BBC R&D have been carrying out research in the area of IP production for a number of years. Over that time we have developed many software applications and libraries in order to prototype techniques, further develop our understanding and implement emerging standards.
In order to aid this work, we make heavy use of continuous integration, along with a number of tools to aid with continuous delivery of our software. In this post, we’d like to provide a little insight into some of the tools and techniques we've relied on over the years.
As the broadcast industry makes the gradual transition from a dependence on fixed function hardware to flexible software-defined architectures, a number of new challenges present themselves.
A typical production centre may undergo a re-fit or technical refresh once every few years, with only minor upgrades and capacity increases performed in the intervening period. By comparison, the infrastructure used by a cloud service may routinely be completely re-deployed in cycles measured in hours or days.

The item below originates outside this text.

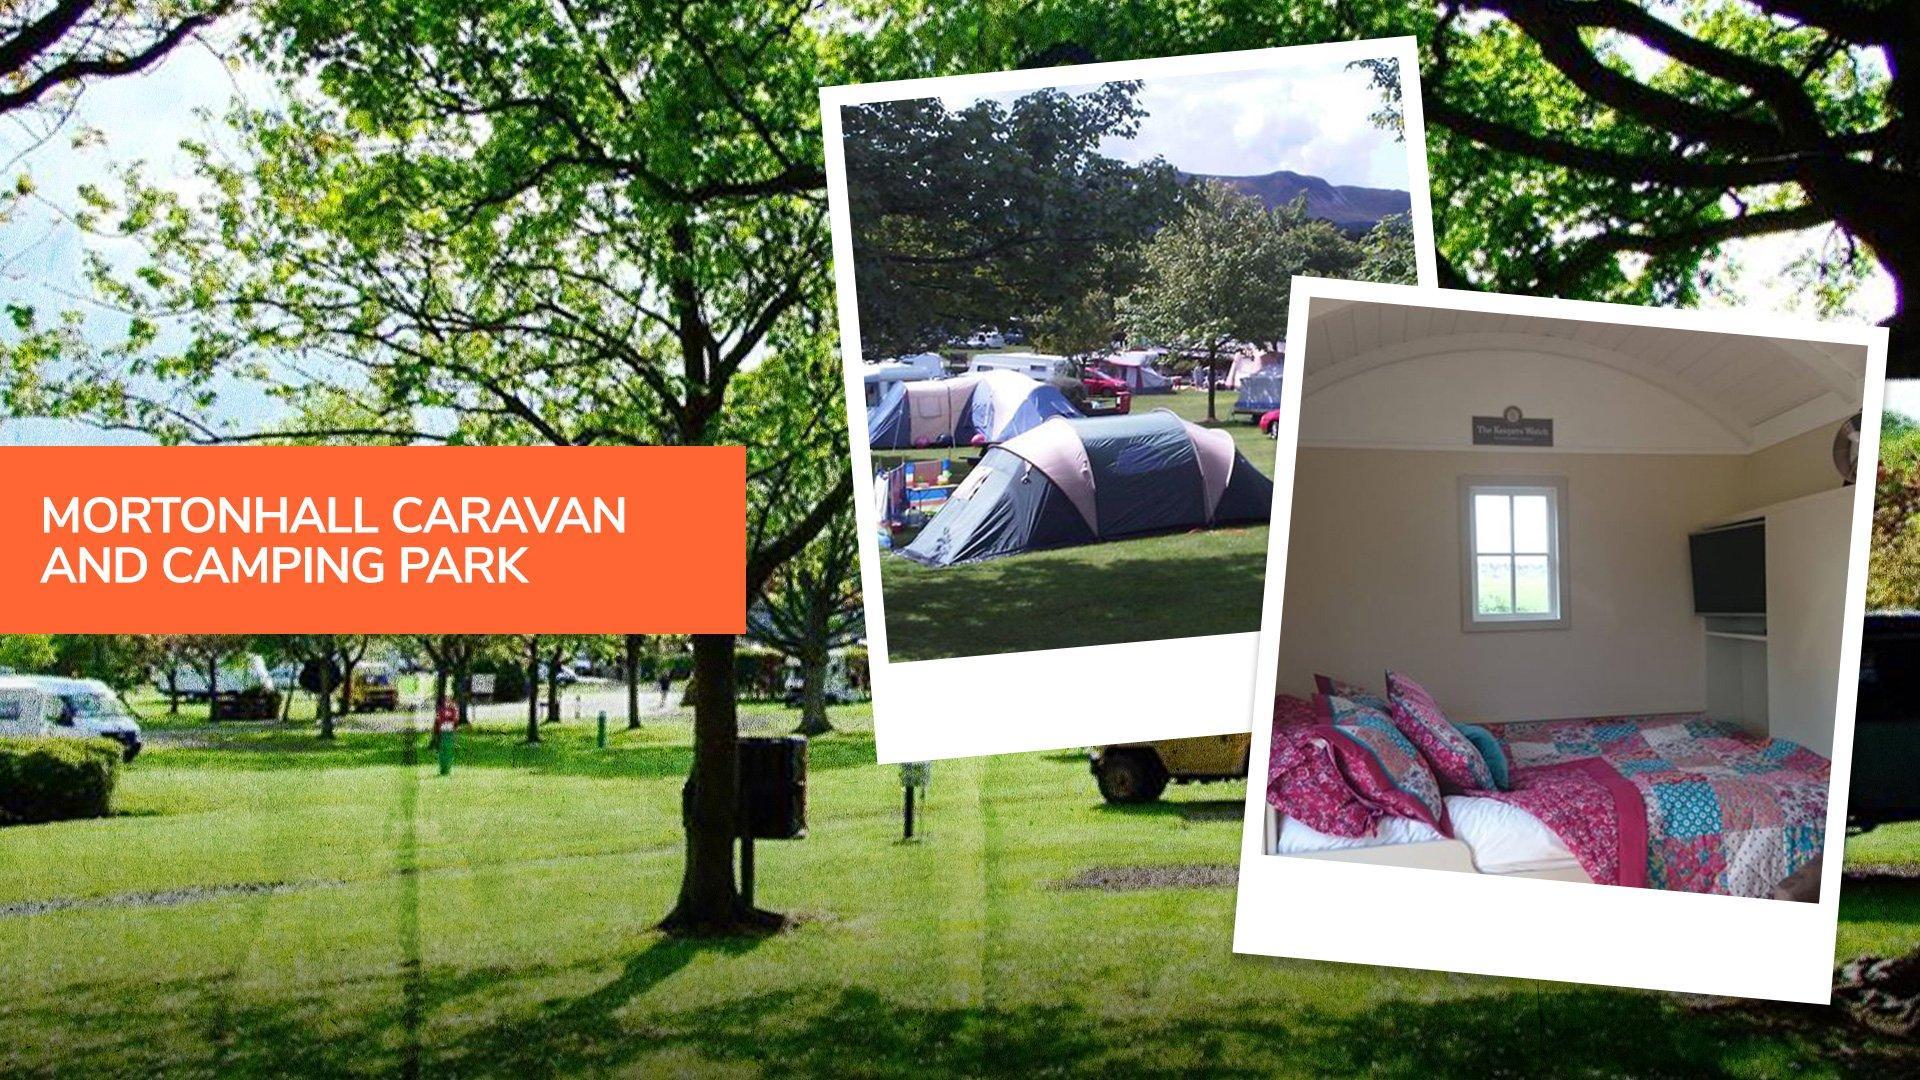 Mortonhall caravan and camping park, one of the top campsites near Edinburgh
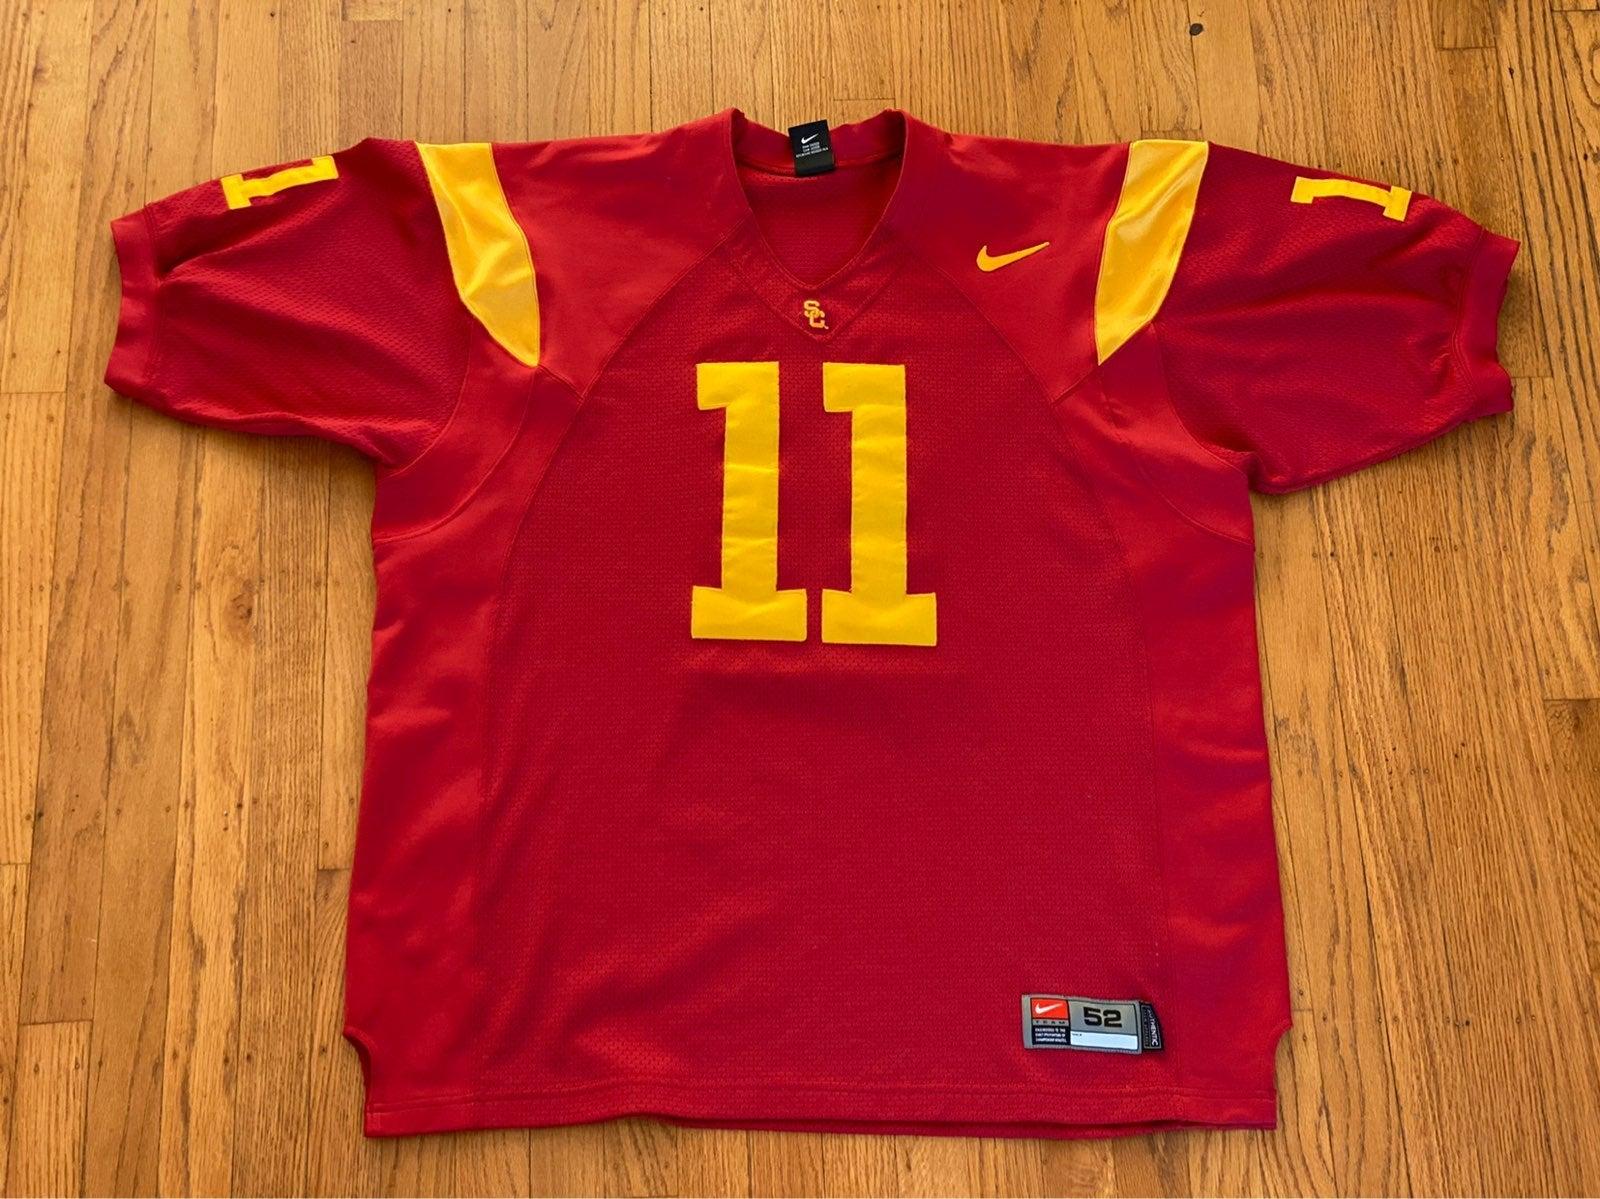 Authentic Nike USC Matt Leinart Jersey

As we create systems to investigate the production centre of the future, it's important to adopt modern software engineering practices and demonstrate that they can be applied to a broadcast media environment. A large part of this work involves building ever-larger experimental production facilities using on-premise and public cloud infrastructure. The rest of this post talks about some of the tooling we're using to help us do this.
Sign up for the IP Studio Insider Newsletter:
Join our mailing list and receive news and updates from our IP Studio team every quarter.
Continuous Integration & Jenkins
Jenkins is a continuous integration tool we have used to attack these problems, and helps us in a number of ways; First, software is tested to ensure it is written in a clean style (linting), compiles and that any unit tests it includes pass. Second, software is packaged for deployment using pbuilder (to create Debian packages) and mock (to create RPM packages).
Each of these tasks is relatively straightforward for an individual software repository, but when projects consist of multiple chained dependencies this can become significantly more complex.
We now make use of Jenkinsfile pipelines to manage some of this complexity. With this approach we can clearly define, and version control, the stages in our build process. We’ve used a feature called Jenkins shared libraries, which enables us to re-use common tasks across a range of pipelines, extensively as part of this work.
Using Software Packages to Build a System
Jenkins delivers our software in the form of lots of small packages. The next step towards building a software-defined broadcast system is to get each of these packages installed in the right places, with the right configuration.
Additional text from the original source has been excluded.